Anthropocene opens with a depressing scene in Kenya, featuring workers sorting through 105 tons of confiscated elephant tusks, taken from approximately 10,000 elephants. Next up is the Siberian city of Norilsk, home of Russia’s largest smelting factory and one of the most polluted places on Earth. Then it takes viewers to Immerath, Germany, where power generator RWE AG’s immense Hambach mine is gobbling up farms, towns, and old-growth forests. It’s horrifying to watch leviathan, monster-like machinery tear up the earth and tear down a historic church to make way for the rapidly expanding mining operations. 

Equally heartbreaking is footage of the Dandora landfill in Kenya, where more than 6,000 scavengers comb through the filth every day to collect bottles, cans, and anything else they might be able to recycle for a few pennies. As the voiceover narrator, Swedish actress Alicia Vikander, explains, the majority of this growing mass of plastic, concrete, and other human detritus will wind up preserved in the earth’s rock layer as “technofossils.” 

Despite all the damage being captured, filmmakers manage to convey a sense of stark beauty throughout, thanks to expansive, sweeping imagery. Even so, Anthropocene is by no means a feel-good film: Grab the staunchest climate-change deniers you know (and perhaps, an adult beverage to go along with your popcorn) and settle in for what should be required viewing by all humans in this depressing new era of our own creation (destruction?). 

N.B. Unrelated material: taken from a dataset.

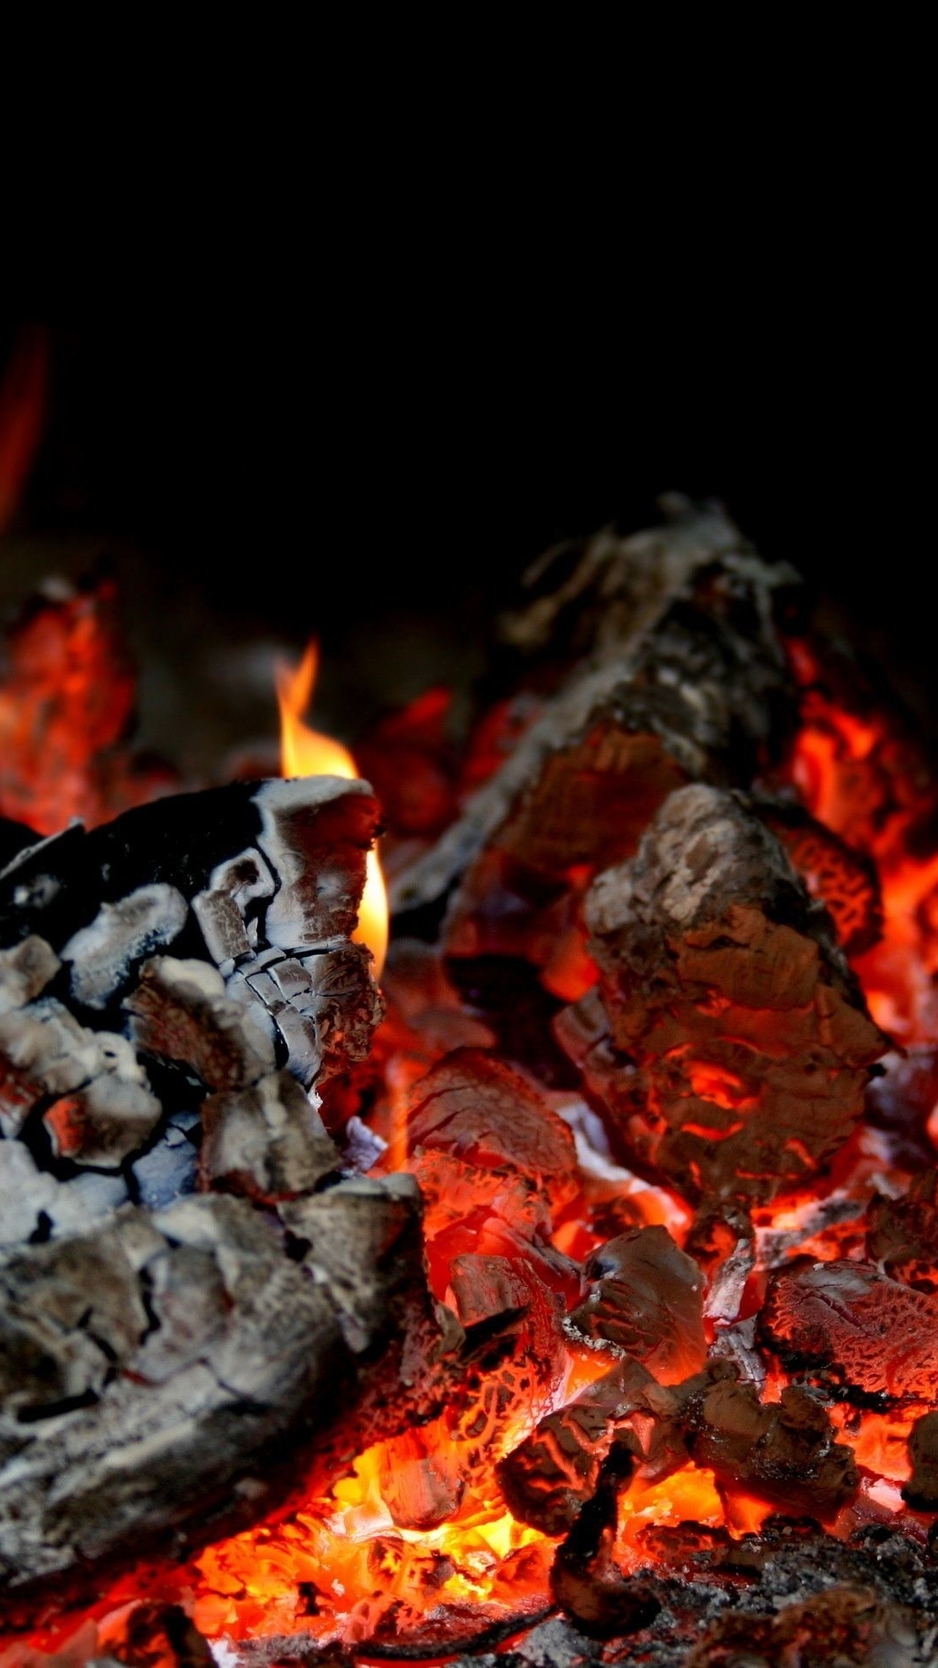 Картинка: Уголь, огонь, тепло, тёмный фон
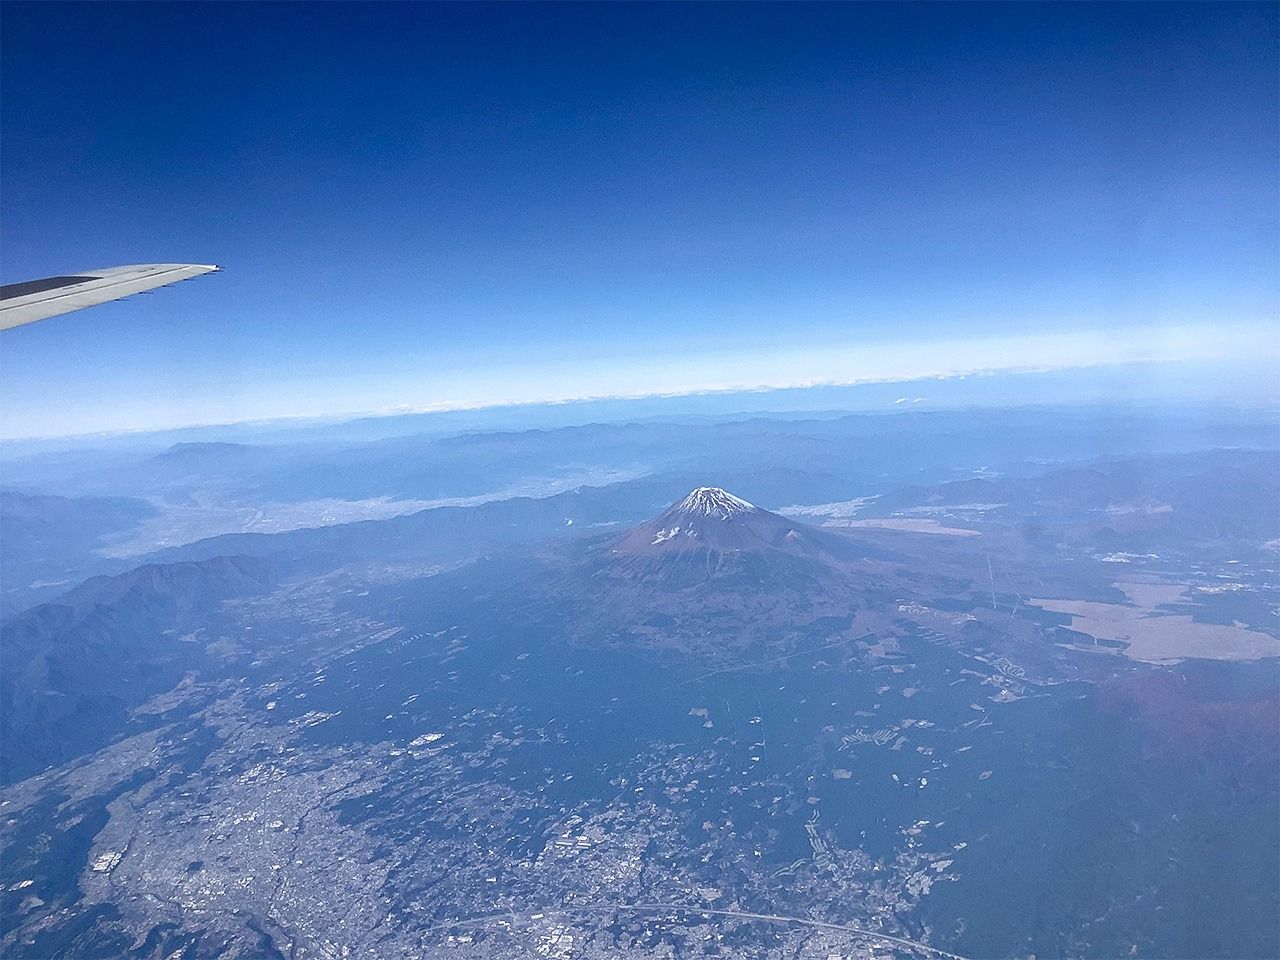 El monte Fuji, con un pico único y sin otras elevaciones a su alrededor, constituye un enclave óptimo para observar la atmósfera. (Imagen cedida por el autor del artículo.)

How to See It: As of this story going to press, distribution rights are being negotiated that will determine the movie’s release. In addition, the Anthropocene exhibition will continue at the National Gallery of Canada until February 24. 

Courtesy of Edward Burtynsky

Words From a Bear

Until the late 1960s, the esteemed Pulitzer Prize for Literature—or any major literary award, for that matter—had never been awarded to a Native American writer. Then, Kiowa author and artist N. Scott Momaday’s first novel, House Made of Dawn, was released in 1968 to critical acclaim; the following year, it earned the Pulitzer award, helping to spark what’s known as the Native American Renaissance and cementing Momaday among the greatest literary voices in US history.

This compelling American Masters documentary by Jeffrey Palmer, also a Kiowa descendent, offers a multifaceted look at Momaday’s life, inspiration, and influences—and even includes commentary from big-time Hollywood figures like Sundance founder Robert Redford and actor Jeff Bridges, both of whom are big fans of Momaday’s work. But the real star of the show is Momaday himself, who recites from his 30-year collected works of poetry, shares insights about his childhood growing up in Arizona and New Mexico (at age eight, he declared he would be a writer), and tells enchanting Kiowa tales that are rich in symbolism and spirituality, such as that of the Seven Sisters and the origin of the Big Dipper constellation. Palmer complements his subject’s eloquent prose with vintage photos depicting Momaday’s childhood, clever animated sequences, and vast, expansive images of the western landscapes where Native American tribes once flourished.

And in these trying, modern-day times, Momoday himself offers viewers some much-needed hope. “In another 50 or 100 years, we’re going to back look on this period of time, and it’s going to be like ancient history,” he states. “How can we accommodate ourselves to it? How can we adjust to it? I think we can. I have that much faith in humanity. It’s the spirit that counts—and the spirit is indomitable.”

How to See It: The film is scheduled for release during the 2019 season of PBS’s American Masters Pictures, but a date has not been officially announced.